Inhibition of glycolysis using
2-deoxy-d-glucose (2DG, 20mM, 24-48h) combined with inhibition of the
pentose cycle using
dehydroepiandrosterone (
DHEA, 300µM, 24-48h) increased clonogenic cell killing in both human prostate (PC-3 and DU145) and human breast (MDA-MB231)

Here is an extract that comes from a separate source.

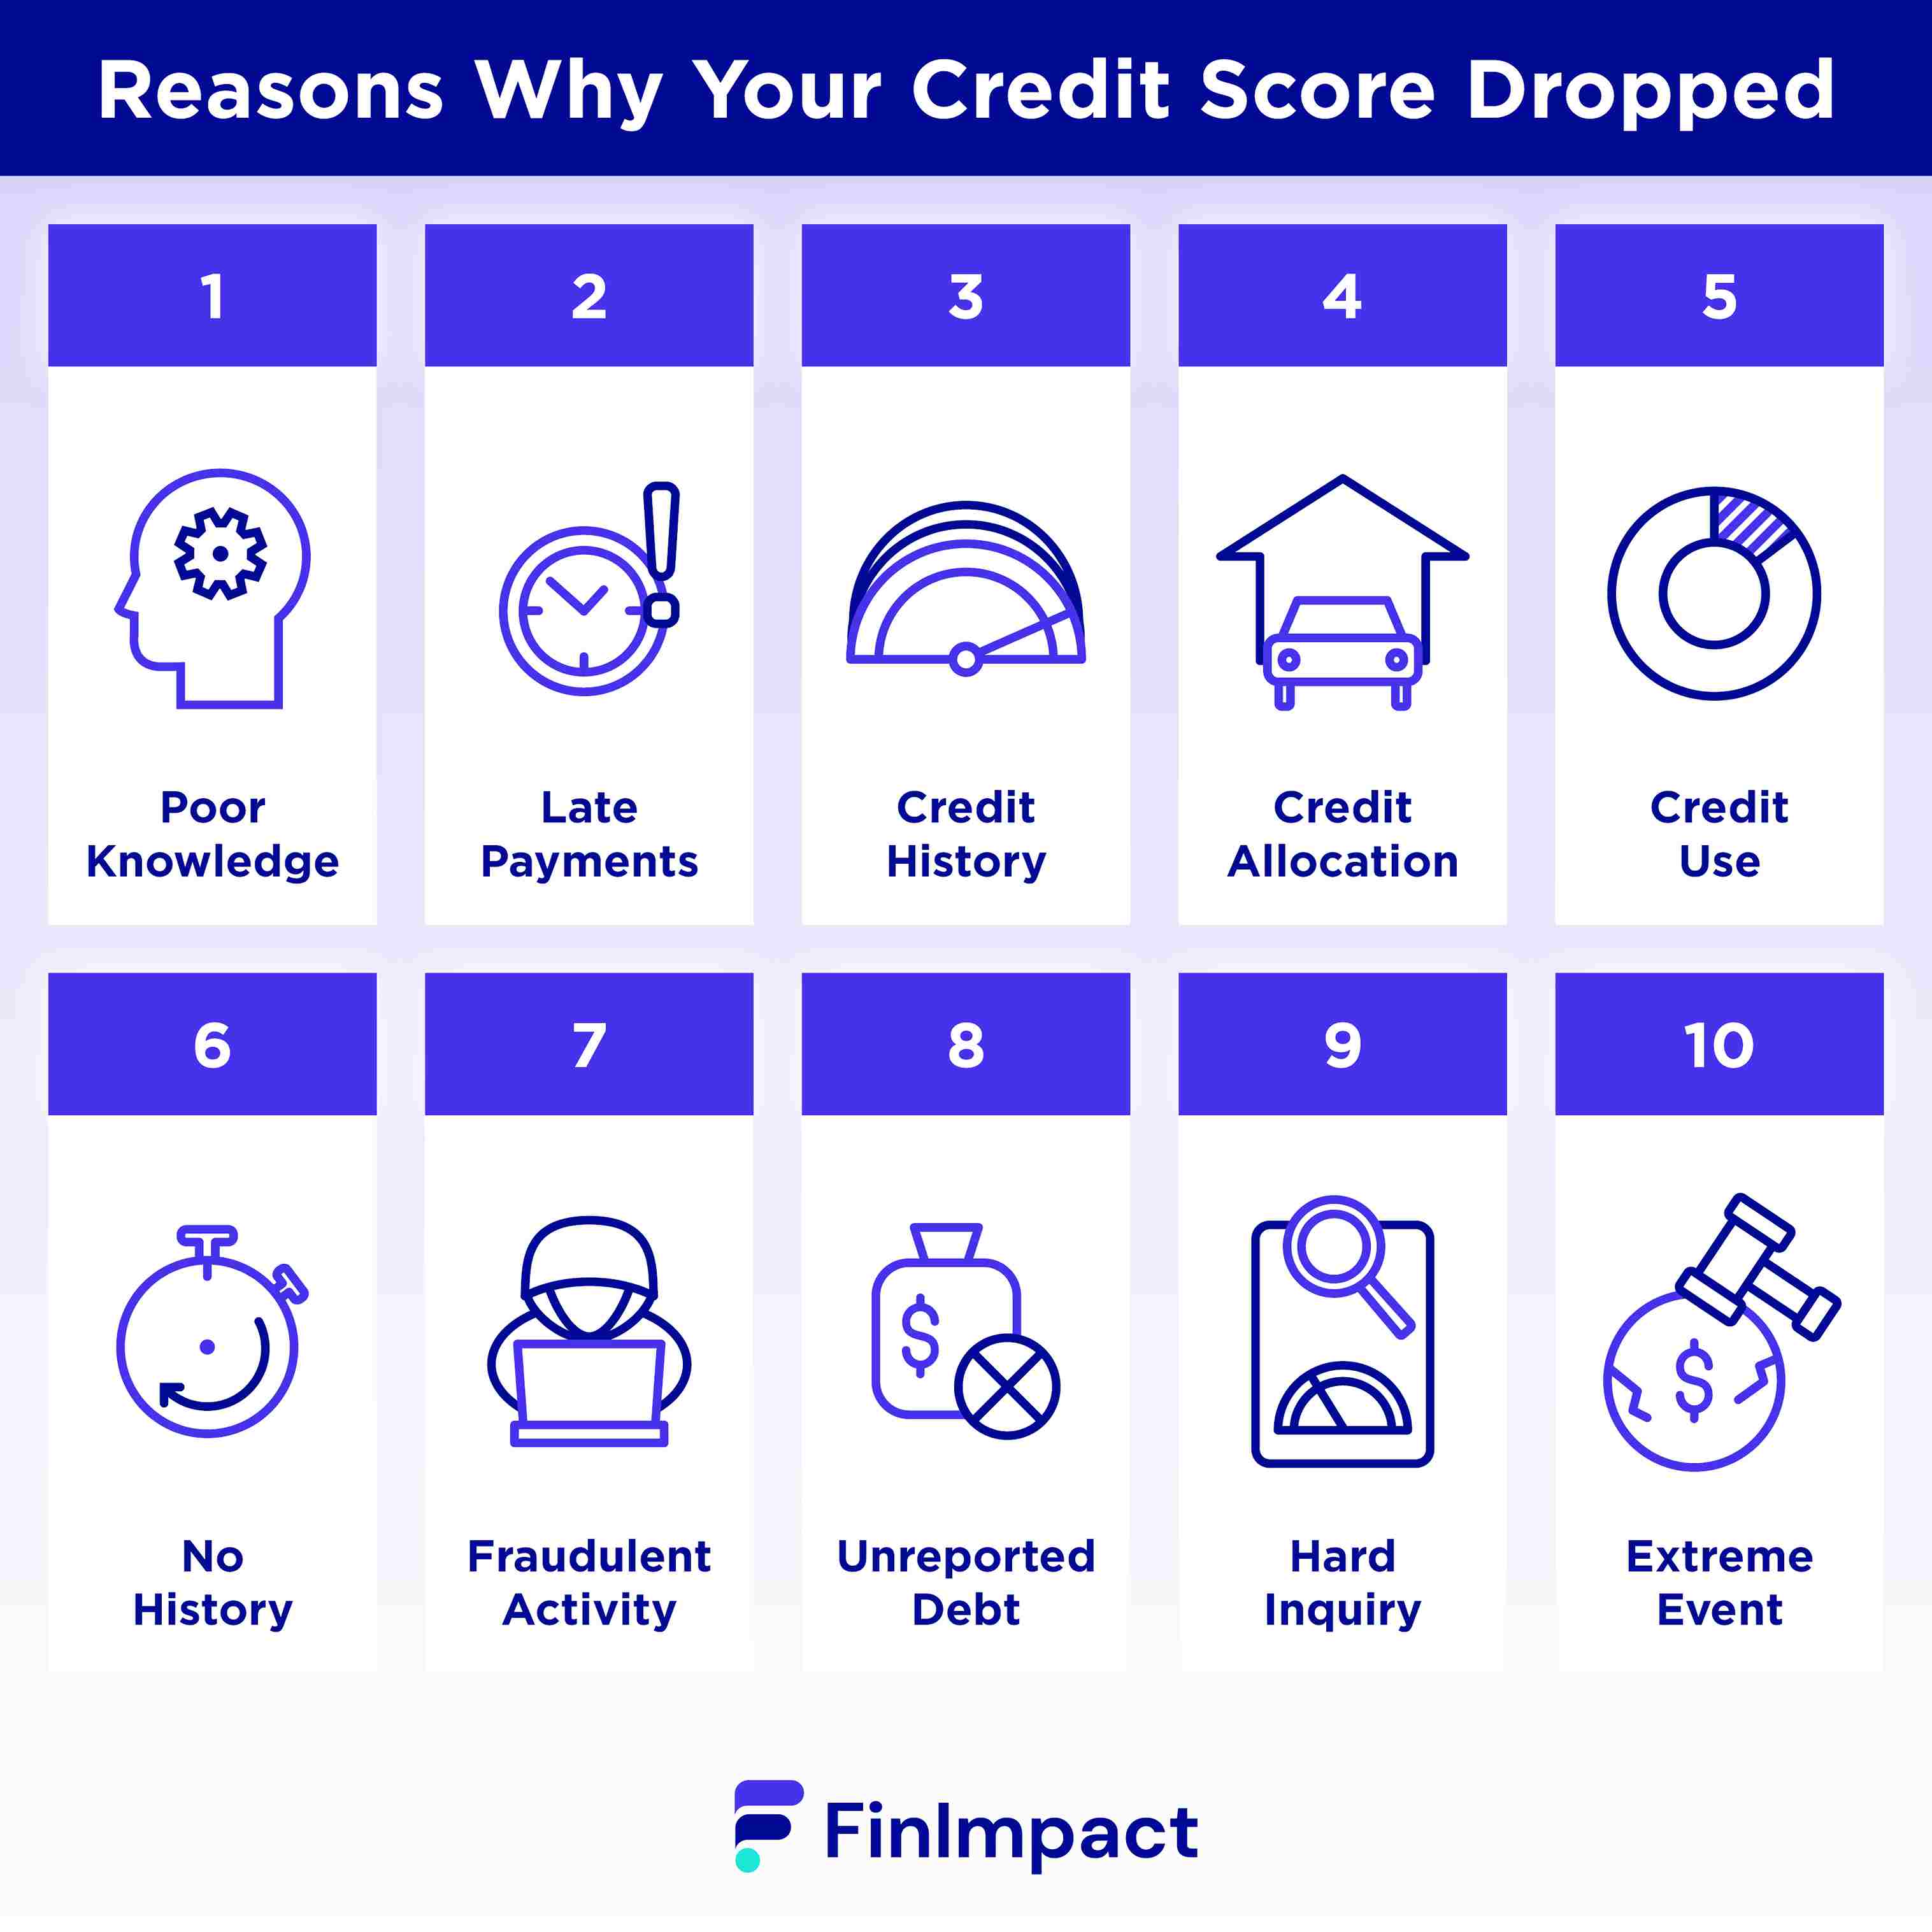 Reasons why your credit score dropped

cancer cells via a mechanism involving
thiol-mediated oxidative stress. Surprisingly, when 2DG+DHEA treatment was combined with an inhibitor of
glutathione (GSH) synthesis (l-
buthionine sulfoximine; BSO, 1mM) that depleted GSH>90% of control, no further increase in cell killing was observed during 48h exposures. In contrast, when an inhibitor of
thioredoxin reductase (TrxR) activity (
Auranofin; Au, 1µM), was combined with 2DG+DHEA or
DHEA-alone for 24h, clonogenic cell killing was significantly increased in all three human
cancer cell lines. Furthermore, enhanced clonogenic cell killing seen with the combination of DHEA+Au was nearly completely inhibited using the
thiol antioxidant,
N-acetylcysteine (NAC, 20mM). Redox Western blot analysis of PC-3 cells also supported the conclusion that
thioredoxin-1 (Trx-1) oxidation was enhanced by treatment DHEA+Au and inhibited by NAC. Importantly, normal human mammary epithelial cells (HMEC) were not as sensitive to 2DG,
DHEA, and Au combinations as their
cancer cell counterparts (MDA-MB-231). Overall, these results support the hypothesis that inhibition of glycolysis and
pentose cycle activity, combined with inhibition of Trx metabolism, may provide a promising strategy for selectively sensitizing human
cancer cells to oxidative stress-induced cell killing.